It all comes back to pattern recognition. The reason we have facial recognition software is faces, for the most part, have similar traits, and most of the pictures we take of people have them facing the camera. But that was still very difficult to develop. Let us consider for a moment a picture of bomb striking a populated target. How would you create a pattern for that? The picture would have an explosion, fairly simple for a human to figure out, but rather hard to program for. An explosion could be of various sizes, shapes and colors. Let's say you create some sort of rule based system. What if the picture is an explosion for avalanche control in the mountains? That is not violent or offensive, but it would contain a lot of the same characteristics.
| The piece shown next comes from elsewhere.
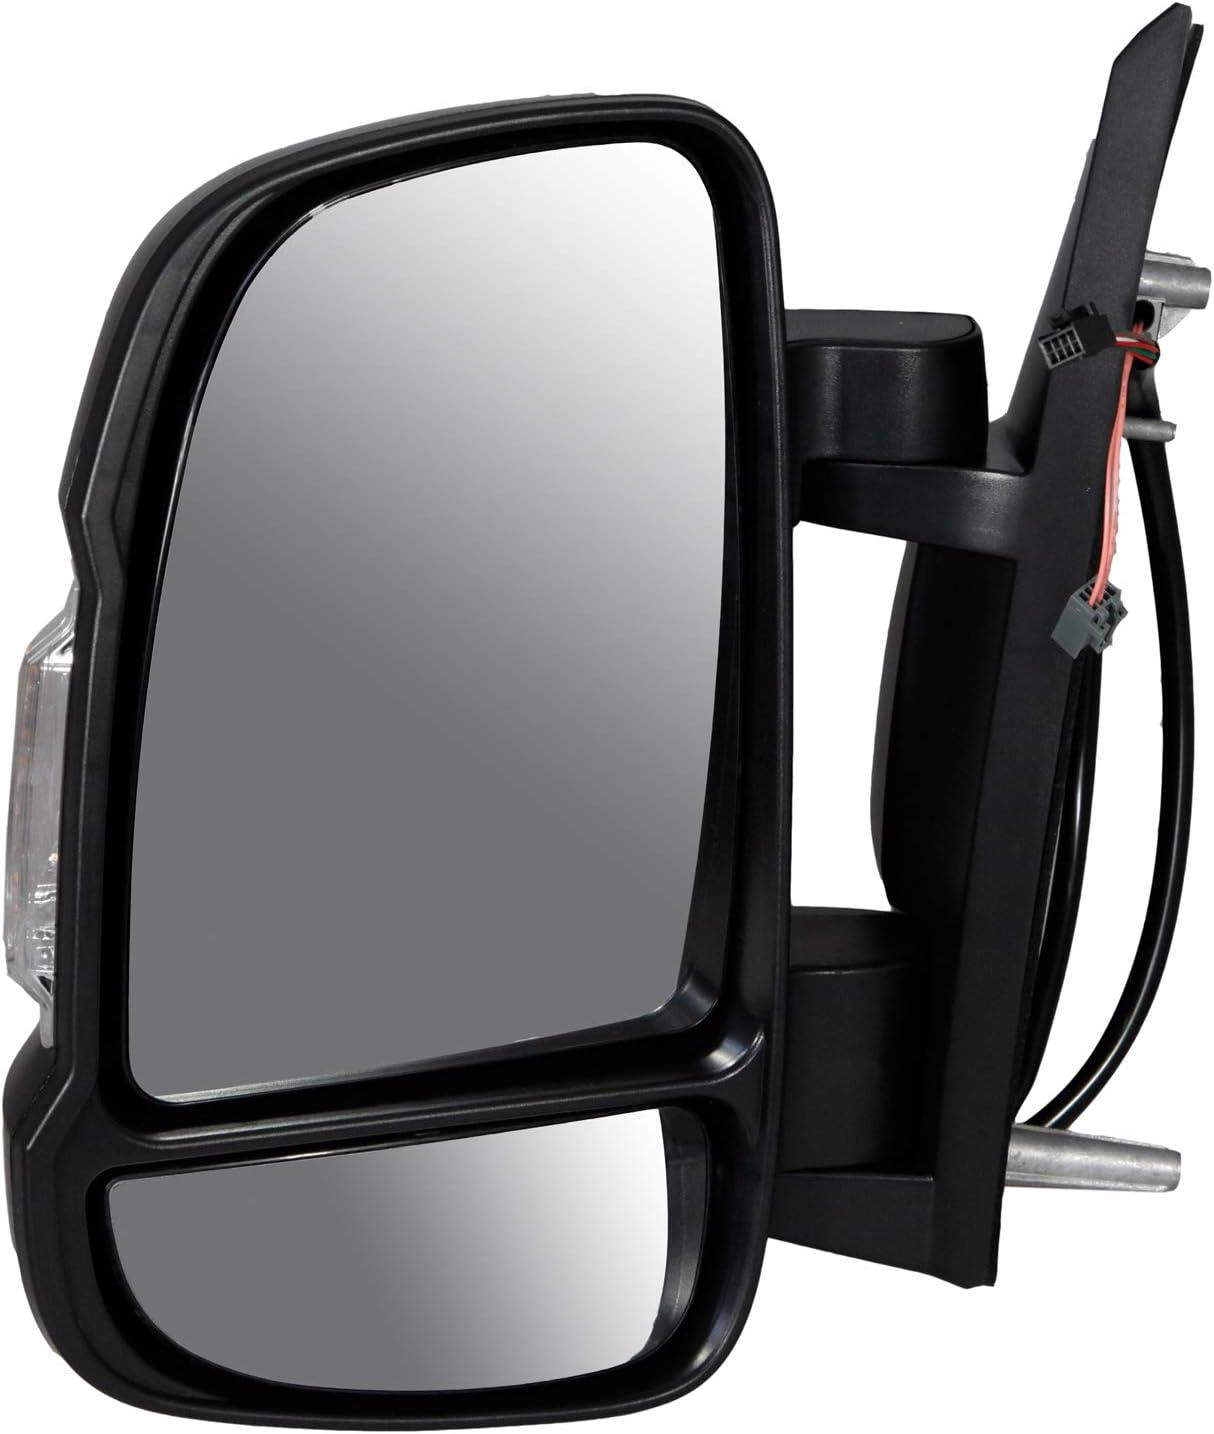 Außenspiegel für CITROEN JUMPER FIAT DUCATO PEUGEOT BOXER links 735620699

As many other people have pointed out, it is very hard to define obscene. The US Supreme Court attempted to in the case of Miller vs. California, and as a result we have the so called Miller Test which consists of three parts:
- Whether "the average person, applying contemporary community
standards", would find that the work, taken as a whole, appeals to
the prurient interest,
- Whether the work depicts/describes, in a patently offensive way,
sexual conduct specifically defined by applicable state law,
- Whether the work, taken as a whole, lacks serious literary, artistic,
political or scientific value
Nice and ambiguous, makes things a little hard to program for. Most sites that allow you to upload images have some sort of human moderation. For example, all pictures posted to online dating sites have to follow a set of rules and have to be approved manually.